Rien de vraiment grandiose dans cette histoire à l’eau de rose peuplée de sourires et de bons sentiments, mais juste une fraîcheur, un souffle gentiment désaltérant. Le plus étonnant est peut-être de voir Charles Laughton s’investir ainsi pour un petit film juste au sortir de sa prestation dans le très culte « Les Révoltés du Bounty » aux côtés de Clark Gable, et juste avant de s’engager dans « L’Auberge de la Jamaïque ». Vivien Leigh, quant à elle, entrera l’année suivante dans la légende avec le rôle de Scarlett dans « Autant en emporte le Vent ».

Au plan technique, le film date de 1938, et autant dire tout de suite que ça se voit. La lumière a quelque chose d’un autre âge, comme une approximation datant d’une époque de tâtonnement. Si les rares scènes de jour sont quasi systématiquement surexposées, les scènes de nuit font roder un gris lugubre s’il était voulu. La qualité de l’image semble avoir notablement souffert des outrages du temps. Il est difficile de savoir comment les choses se présentaient lors des projections de l’époque et si le piqué actuel tient à la prise de vue ou à la dégradation du support. En tout cas, on est bien plus proche de l’image et du son désastreux de « L’Auberge de la Jamaïque » que de ceux d’ « Autant en emporte le Vent ».

Le jeu des uns et des autres est très hétérogène comme on pouvait s’y attendre. Vivien Leigh est dans l’exagération qui la caractérise (m’expliquera-t-on un jour ce qu’on peut bien lui trouver ?). Rex Harrison est un dandy très british au regard enamouré si propre aux jeunes premiers de l’époque. Charles Laughton vole à des kilomètres au dessus du lot, même s’il n’a pas encore cette rondeur qui ne s’acquière qu’avec l’âge et qu’il étalera du « Procès Paradine » d’Alfred Hitchcock à « Panique à la Maison Blanche » d’Otto Preminger.

Et malgré tout, il reste au fond des yeux à l’issue de la projection comme un air de contentement, une lueur du plaisir qui ne s’en laisse pas compter par les imperfections techniques, une satisfaction d’avoir regardé défiler tout ce que la bonne volonté peut apporter aux raconteurs d’histoire, même les plus maladroits. Car de quoi s’agit-il ? De la confrontation entre l’ambition et le plaisir de vivre, entre les rêves de gloire et les rêves d’artistes. Pas d’une confrontation agressive, emportée, juste la juxtaposition de deux visions du monde : vivre pour faire ou faire pour vivre. Pas de hargne ou de colère là-dedans, tant les deux sont généralement mêlés, intriqués. Juste une séparation artificielle pour en montrer les limites respectives et les dilemmes de leurs enjeux.

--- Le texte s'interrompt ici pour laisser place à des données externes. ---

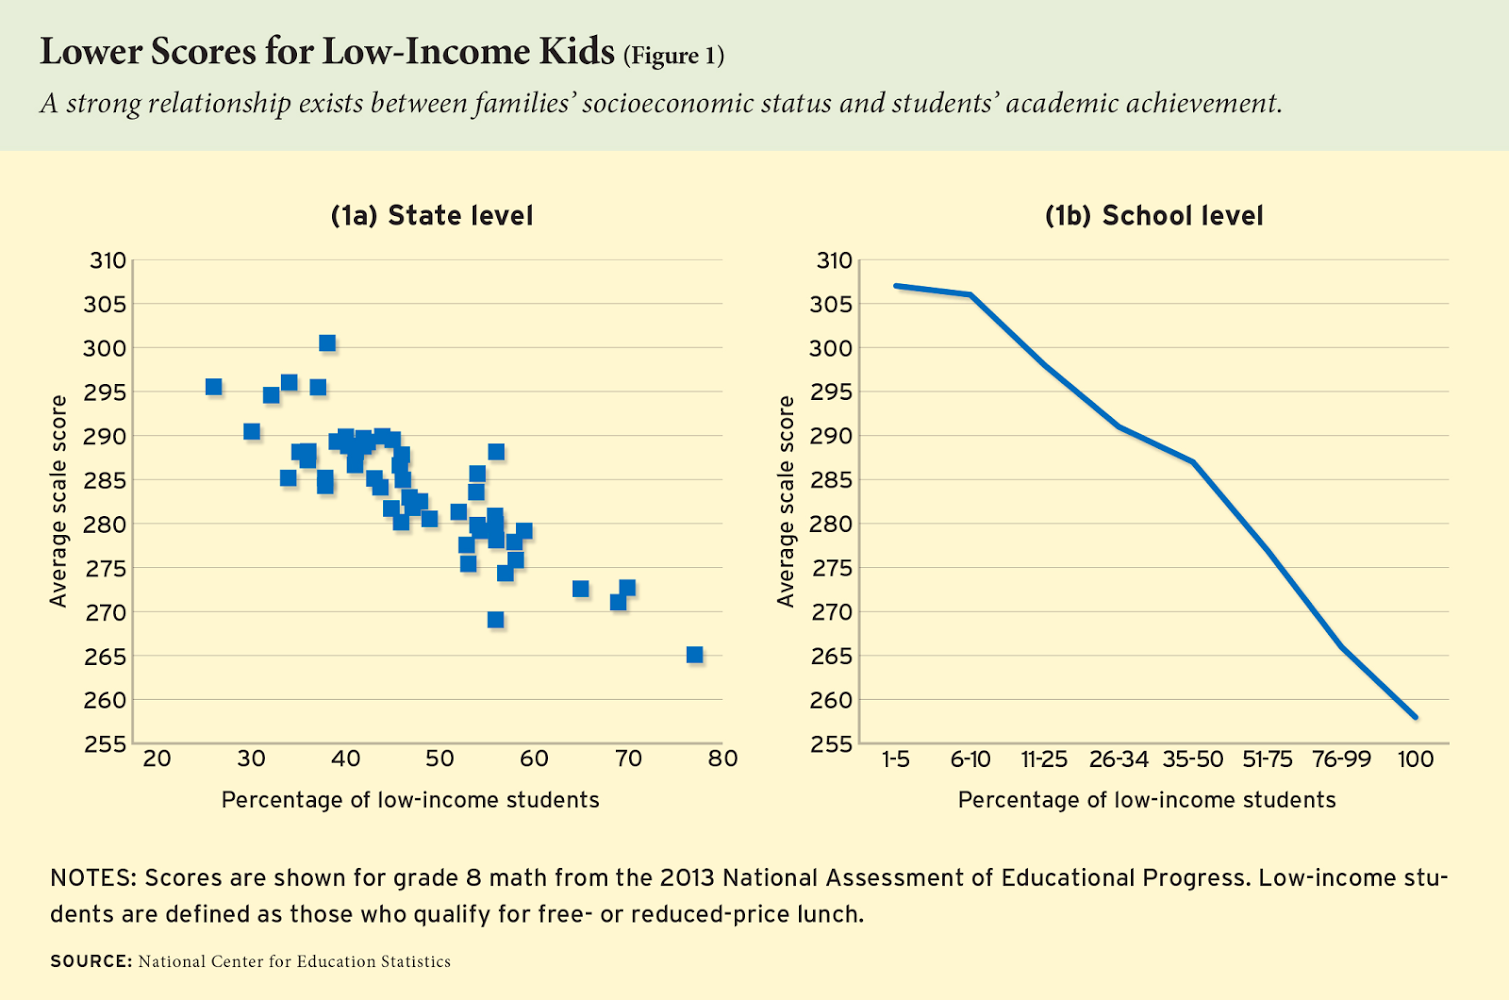    Source:  http://educationnext.org/americas-mediocre-test-scores-education-poverty-crisis/    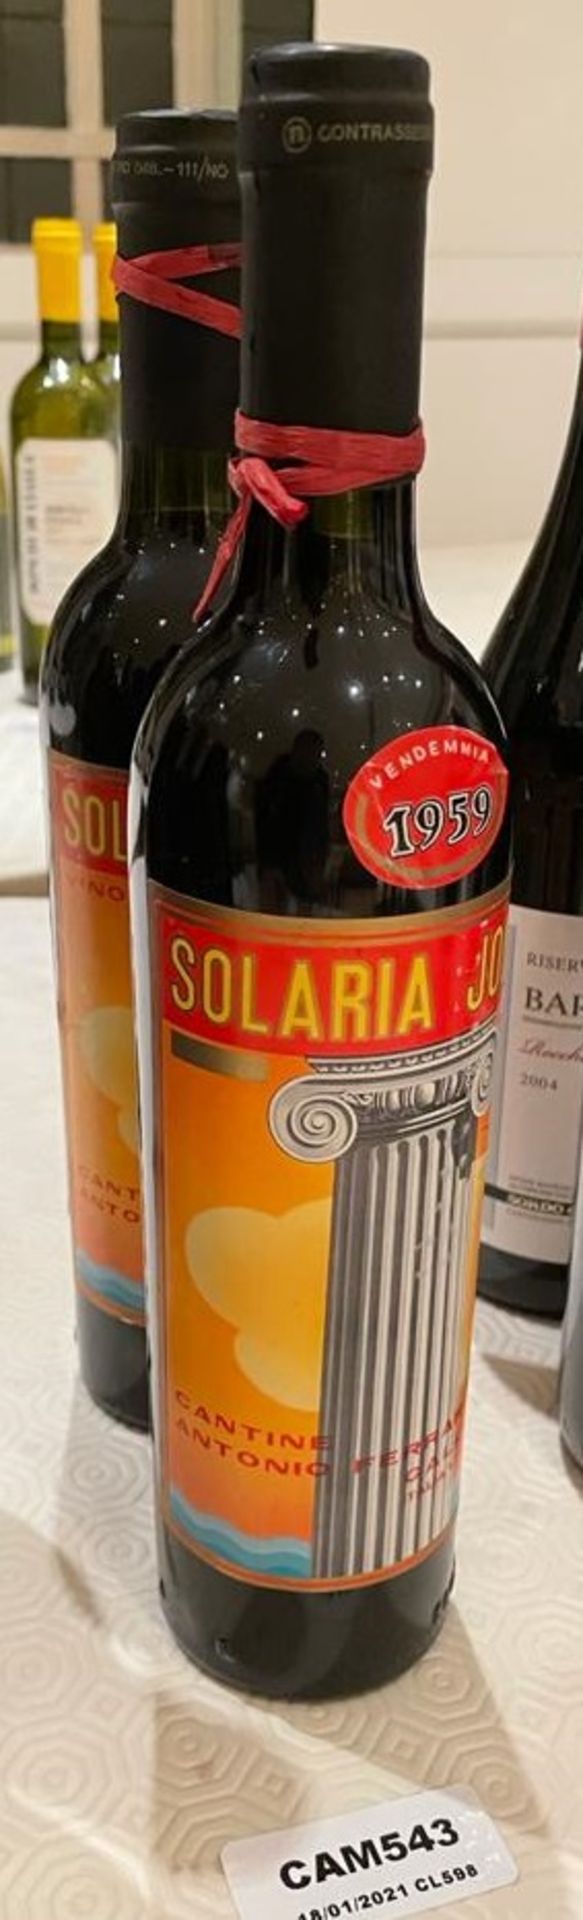 2 x Bottles Of SOLARIA JONICA CALLANTE VENDEMMIA 1959 PIEMONTE - 75cl New/Unopened Restaurant Stock - Image 4 of 4

En d’autres temps, on aurait vu l’opposition entre un désir de « travailler plus pour gagner plus », et un objectif de « travailler plus pour apporter plus ». Bien sûr, comment apporter plus si c’est sans gagner par son labeur les conditions de sa dignité et de son confort ? Mais comment aussi apporter quoi que ce soit si le seul objectif est d’amasser aveuglément ? Séparation arbitraire tant l’ensemble est indissociable et solidaire. Et que cela soit dit le sourire au bord des lèvres, à près de 70 ans de distance, n’en est que plus touchant.